• DATA EXCERPT:
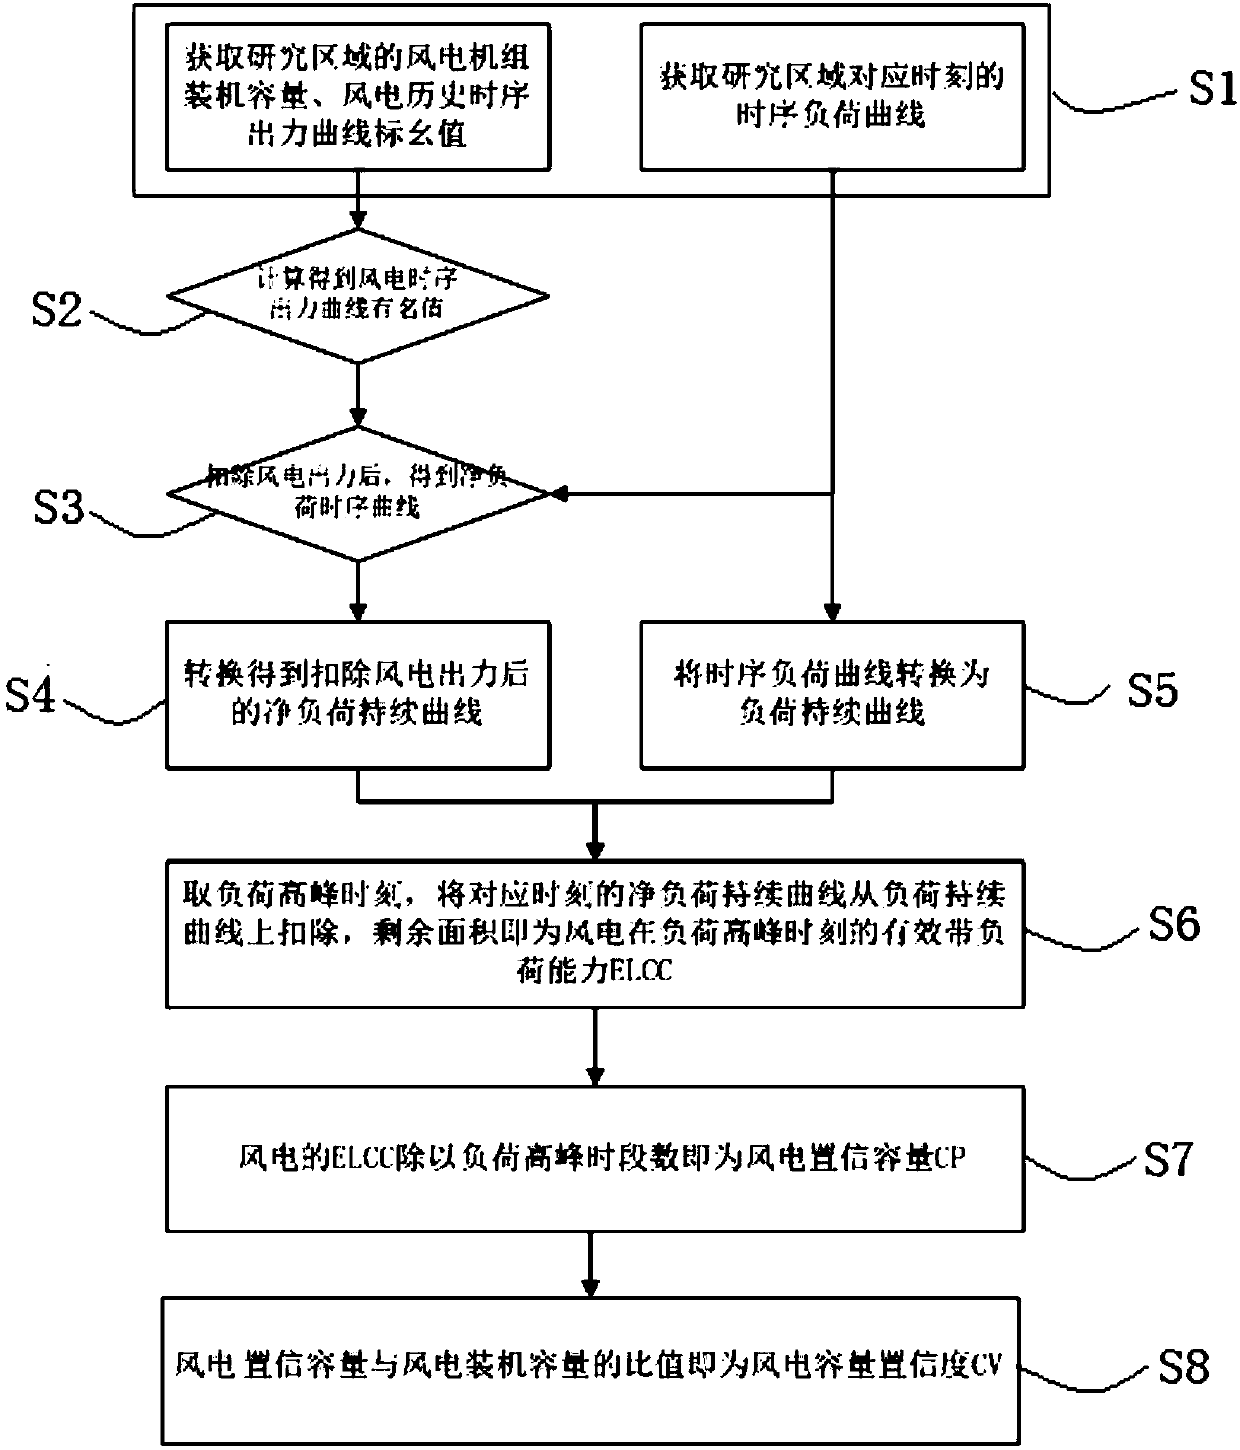 Wind power confidence capacity value (CV) evaluation method suitable for use in high-wind-power-penetration-rate power system
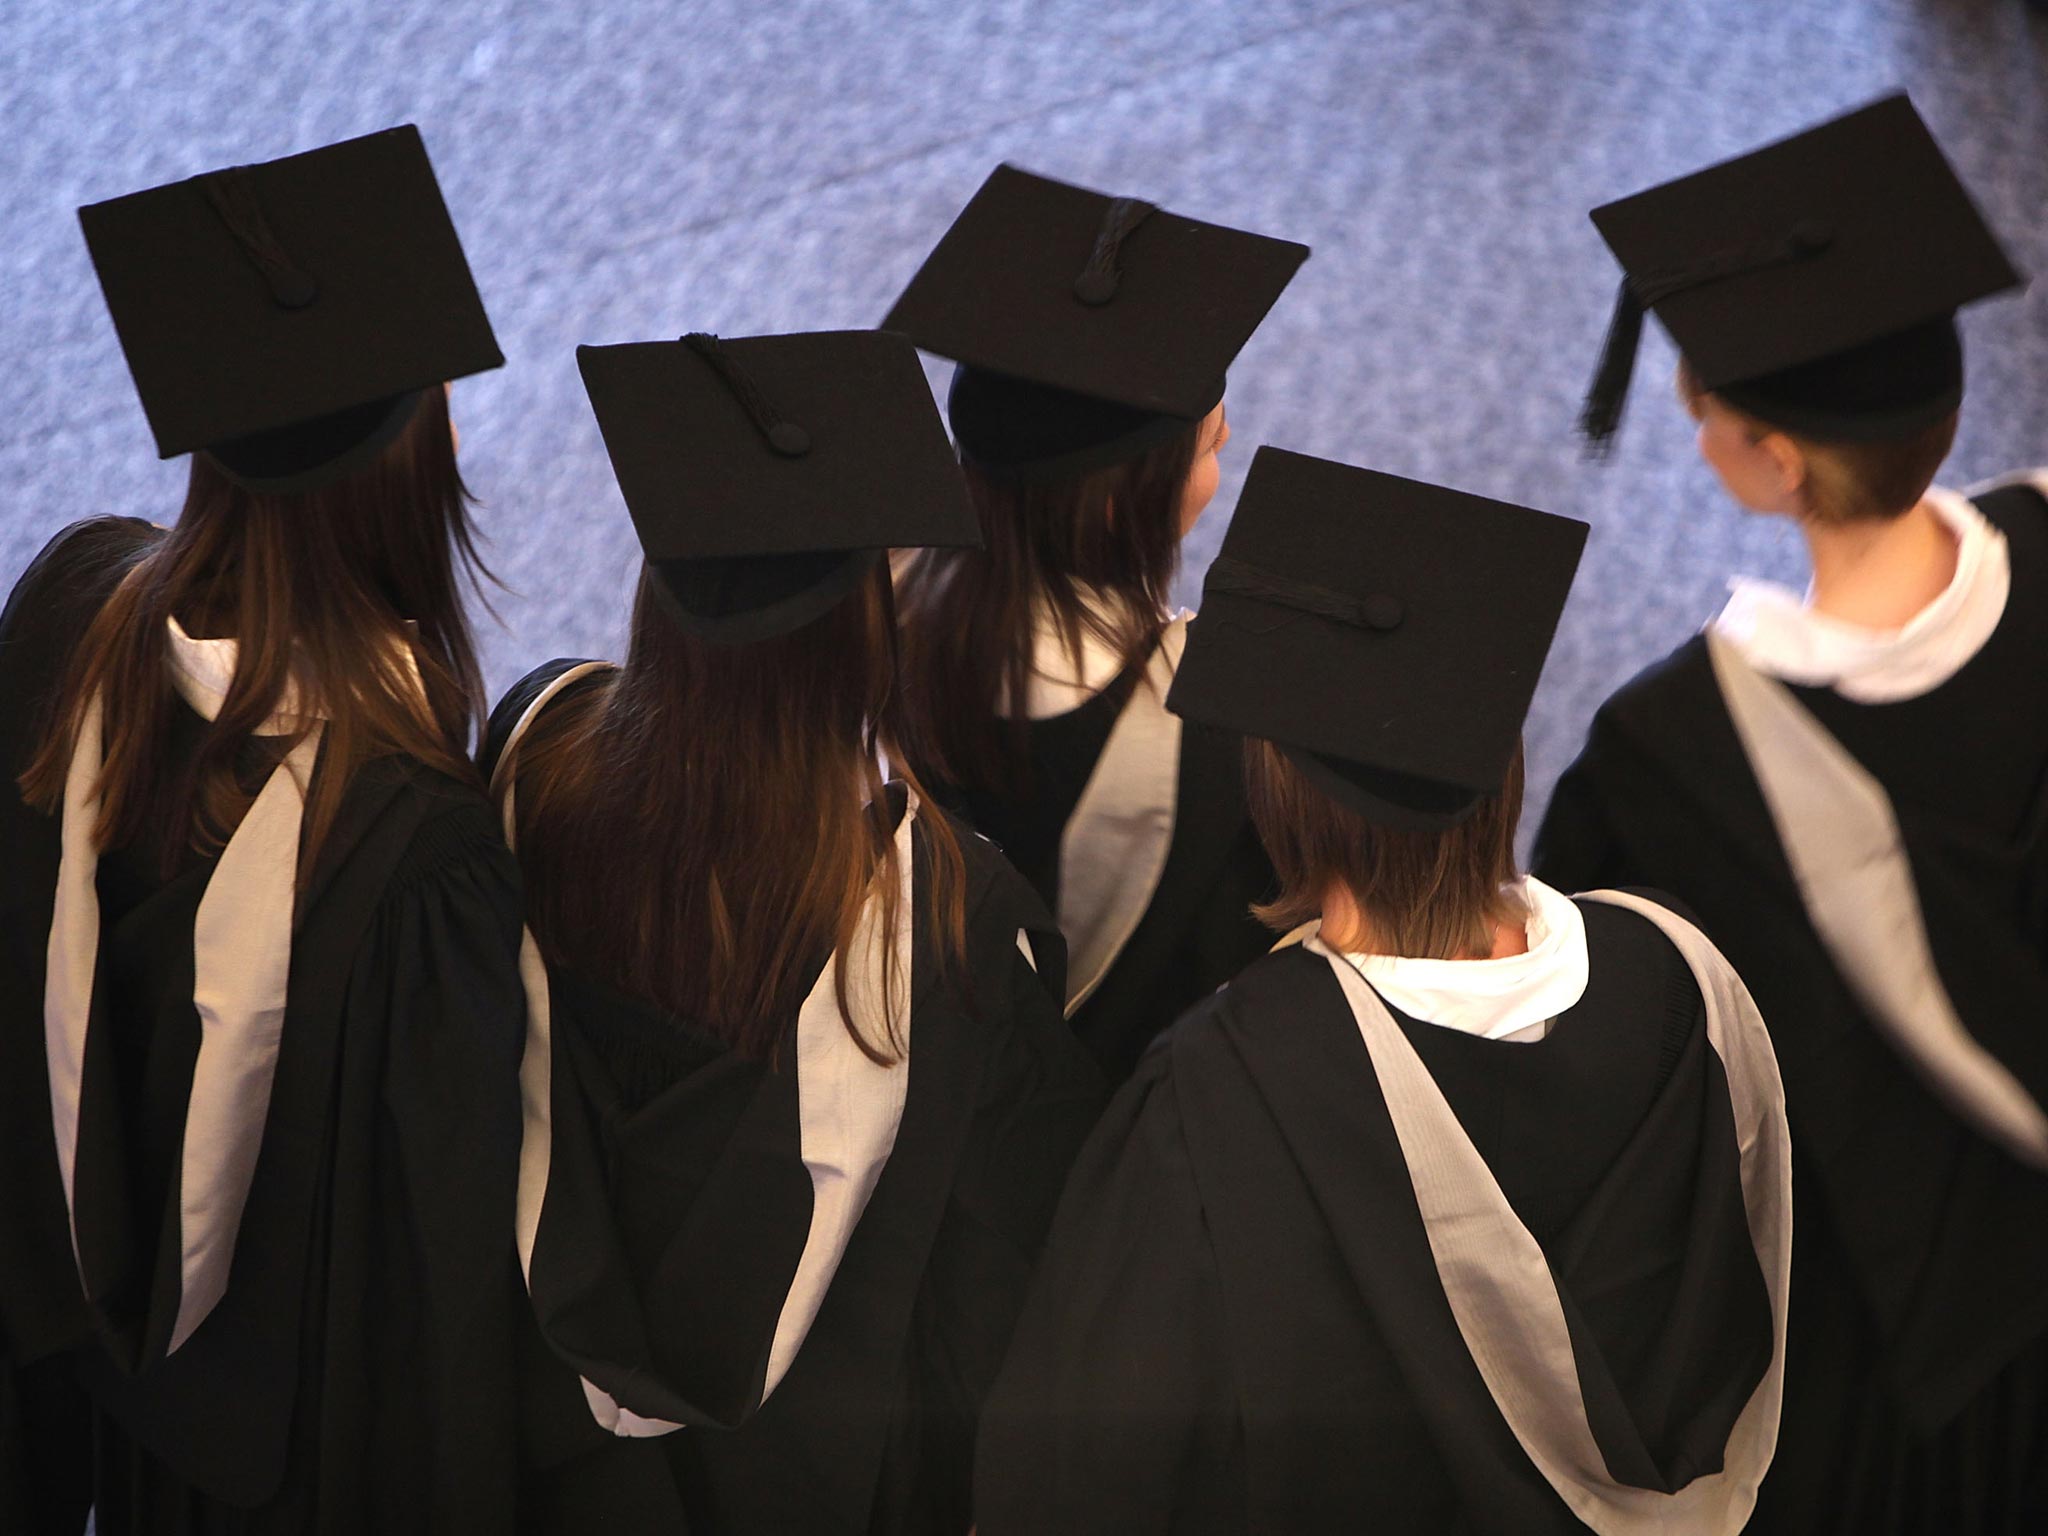 MPs have called for an urgent review of the student loan system
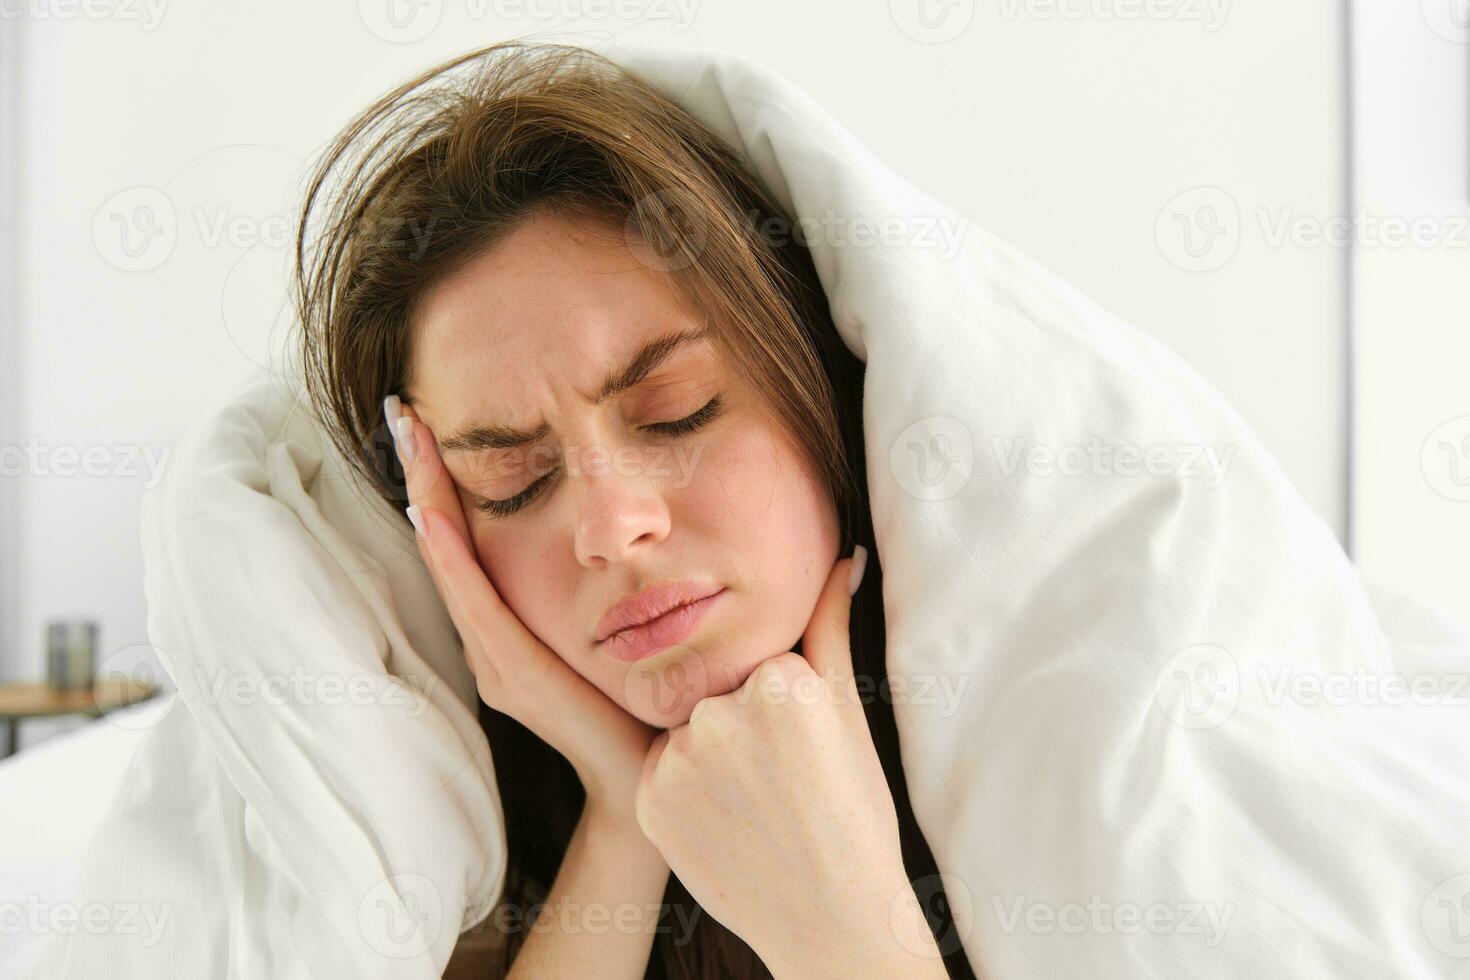 Woman feeling unwell in bed, lying in her bedroom under blanket and white sheets in morning, frowning and touching head, has headache or migraine photo

• DIRECTIONS FOR THIS TASK: Only exact repeats of the lines from the one containing "MPs have called" through the end of the listing above are wanted here; pictures are not.

• SOLUTION:
 MPs have called for an urgent review of the student loan system
 Woman feeling unwell in bed, lying in her bedroom under blanket and white sheets in morning, frowning and touching head, has headache or migraine photo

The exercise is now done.